▶ _TASK ITEM_:
Each line below that contains the word "Image" must be copied.

Data items:
##############################

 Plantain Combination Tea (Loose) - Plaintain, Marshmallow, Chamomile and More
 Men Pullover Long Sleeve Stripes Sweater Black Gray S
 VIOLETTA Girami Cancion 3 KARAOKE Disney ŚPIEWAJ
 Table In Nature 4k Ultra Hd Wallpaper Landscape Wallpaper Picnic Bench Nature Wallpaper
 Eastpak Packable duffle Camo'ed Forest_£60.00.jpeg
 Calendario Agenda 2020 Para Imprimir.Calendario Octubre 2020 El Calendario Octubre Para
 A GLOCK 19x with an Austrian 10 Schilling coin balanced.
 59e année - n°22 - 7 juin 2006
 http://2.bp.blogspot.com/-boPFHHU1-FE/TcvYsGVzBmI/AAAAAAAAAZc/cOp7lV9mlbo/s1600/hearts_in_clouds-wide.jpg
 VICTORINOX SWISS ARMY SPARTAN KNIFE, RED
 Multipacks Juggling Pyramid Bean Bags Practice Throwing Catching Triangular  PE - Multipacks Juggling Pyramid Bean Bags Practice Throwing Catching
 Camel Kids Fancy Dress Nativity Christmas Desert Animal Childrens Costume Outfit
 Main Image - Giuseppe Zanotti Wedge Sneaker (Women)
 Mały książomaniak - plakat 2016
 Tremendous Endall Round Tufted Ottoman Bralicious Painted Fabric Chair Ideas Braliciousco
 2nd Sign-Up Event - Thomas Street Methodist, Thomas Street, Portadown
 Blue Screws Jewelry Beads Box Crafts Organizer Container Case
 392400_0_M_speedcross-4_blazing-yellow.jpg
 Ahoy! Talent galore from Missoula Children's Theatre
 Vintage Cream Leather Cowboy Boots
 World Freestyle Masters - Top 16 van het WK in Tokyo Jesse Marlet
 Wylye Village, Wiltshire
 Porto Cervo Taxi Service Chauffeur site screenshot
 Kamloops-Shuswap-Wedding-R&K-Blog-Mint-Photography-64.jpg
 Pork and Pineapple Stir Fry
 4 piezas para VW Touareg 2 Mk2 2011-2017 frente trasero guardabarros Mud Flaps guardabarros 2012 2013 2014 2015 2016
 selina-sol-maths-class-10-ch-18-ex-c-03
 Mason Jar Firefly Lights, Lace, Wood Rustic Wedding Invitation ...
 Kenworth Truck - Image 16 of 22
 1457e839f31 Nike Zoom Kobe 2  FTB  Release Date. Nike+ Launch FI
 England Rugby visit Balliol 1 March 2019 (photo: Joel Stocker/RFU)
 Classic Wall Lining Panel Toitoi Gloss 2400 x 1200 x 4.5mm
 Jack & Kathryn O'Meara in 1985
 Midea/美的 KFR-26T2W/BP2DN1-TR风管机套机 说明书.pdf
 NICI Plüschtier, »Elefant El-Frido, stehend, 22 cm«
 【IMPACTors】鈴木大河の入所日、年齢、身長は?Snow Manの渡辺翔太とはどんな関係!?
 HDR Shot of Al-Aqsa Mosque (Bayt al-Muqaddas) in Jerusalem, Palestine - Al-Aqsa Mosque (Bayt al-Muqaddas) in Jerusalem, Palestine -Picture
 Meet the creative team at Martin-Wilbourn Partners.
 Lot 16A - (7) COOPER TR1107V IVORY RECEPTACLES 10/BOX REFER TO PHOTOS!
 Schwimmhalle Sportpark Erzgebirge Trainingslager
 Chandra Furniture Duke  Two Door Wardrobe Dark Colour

##############################

▶ _EXERCISE SOLUTION_:
 Main Image - Giuseppe Zanotti Wedge Sneaker (Women)
 Kenworth Truck - Image 16 of 22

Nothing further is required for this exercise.